Своей жестокостью аттильцы гордились не меньше, чем глупостью. Зрачки Лигата расширились от страха, но гунн расценил это по-своему:
— Думаешь, богатей вставит себе печень того страховидла? Как? Куда? Папаша сожрёт дочуру, она же род Тенгри зашкваривает. А не сожрёт — позор! — И, чтоб попугать и без того впечатлённого этолога, Бабан добавил: — Вот ты задолжал бы мне бабла и слинял — я был бы обязан найти тебя и съесть. Ничего личного, такова традиция.
Гунн рассмеялся, глядя на побледневшего Лигата. А этолог решил побольше молчать, чтобы не заиметь ещё одного врага на планете со столь суровыми обычаями.

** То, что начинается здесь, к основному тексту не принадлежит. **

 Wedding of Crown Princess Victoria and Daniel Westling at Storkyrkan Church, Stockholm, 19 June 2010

Фургон остановился на краю асфальтированной дороги. Дальше шла блёклая степь. Невдалеке высились каменные блоки шестиметрового мавзолея. На стенах белые, нарочито примитивные барельефы: пустоглазые люди, охотившиеся с копьями на динозавров, и длинноногие ящеры, пожирающие пустоглазых людей. От этих схематических фигур в жилах землянина стыла кровь. Казалось, гробницу построили за тысячелетия до появления первых колонистов.

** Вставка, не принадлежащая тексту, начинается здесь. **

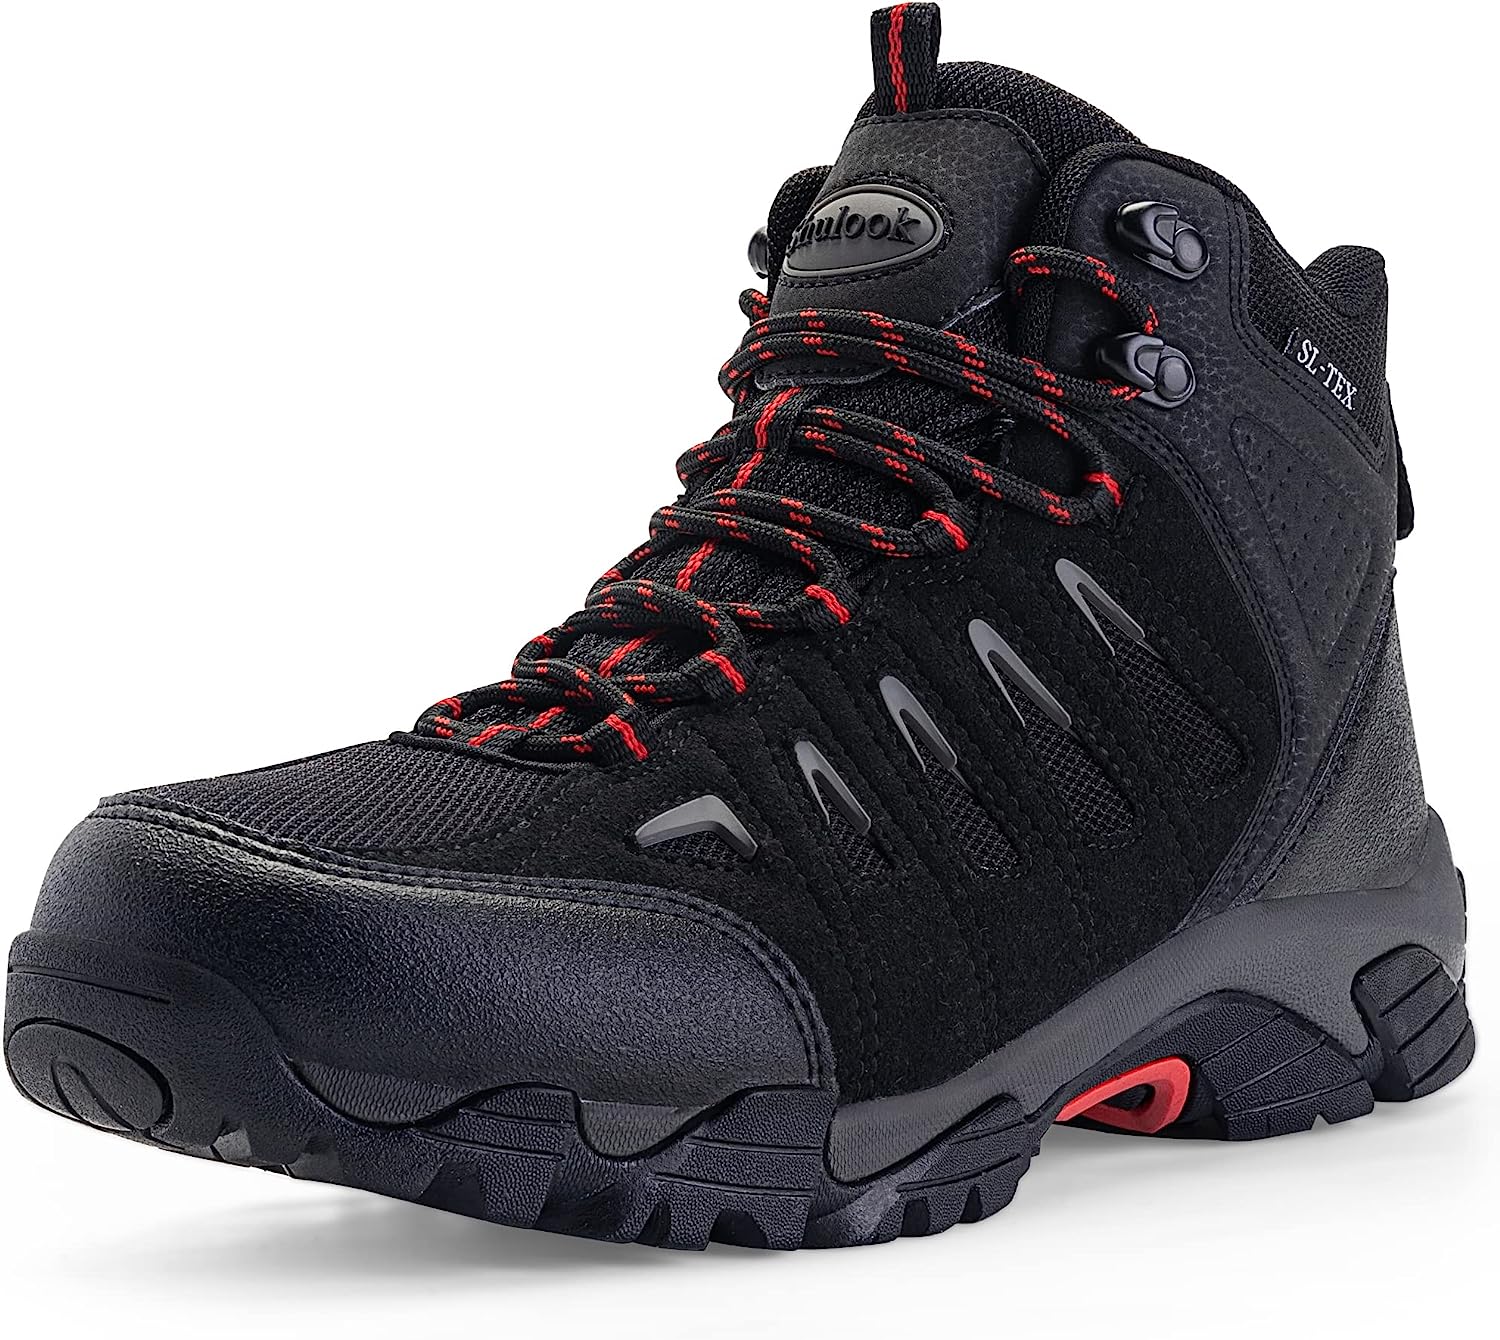 SHULOOK Men's Waterproof Hiking Boots Non-Slip [...]

— Хата стрыги! — сообщил ведьмак. — Видать, папа не жал денег на дочуру. Вот деваха и заигралась.
Из кузова для заморозки ведьмак выгрузил семь армейских мешков, наполненных жестяными банками.
— Осаду устроим? — спросил Лигат, подумав о консервах.
— Не, не, старик, мы здесь по-быстрому. Домой нужно притопать до того, как у батяни остынут ноги. Иначе, кто нам заплатит? Убить убьют, это точно. А вот заплатят — вряд ли. Потому мы ночью подрываем тварь, утром подбираем кусок побольше, чтоб на стейк хватило, а к вечеру уже проматываем бабки. Усёк?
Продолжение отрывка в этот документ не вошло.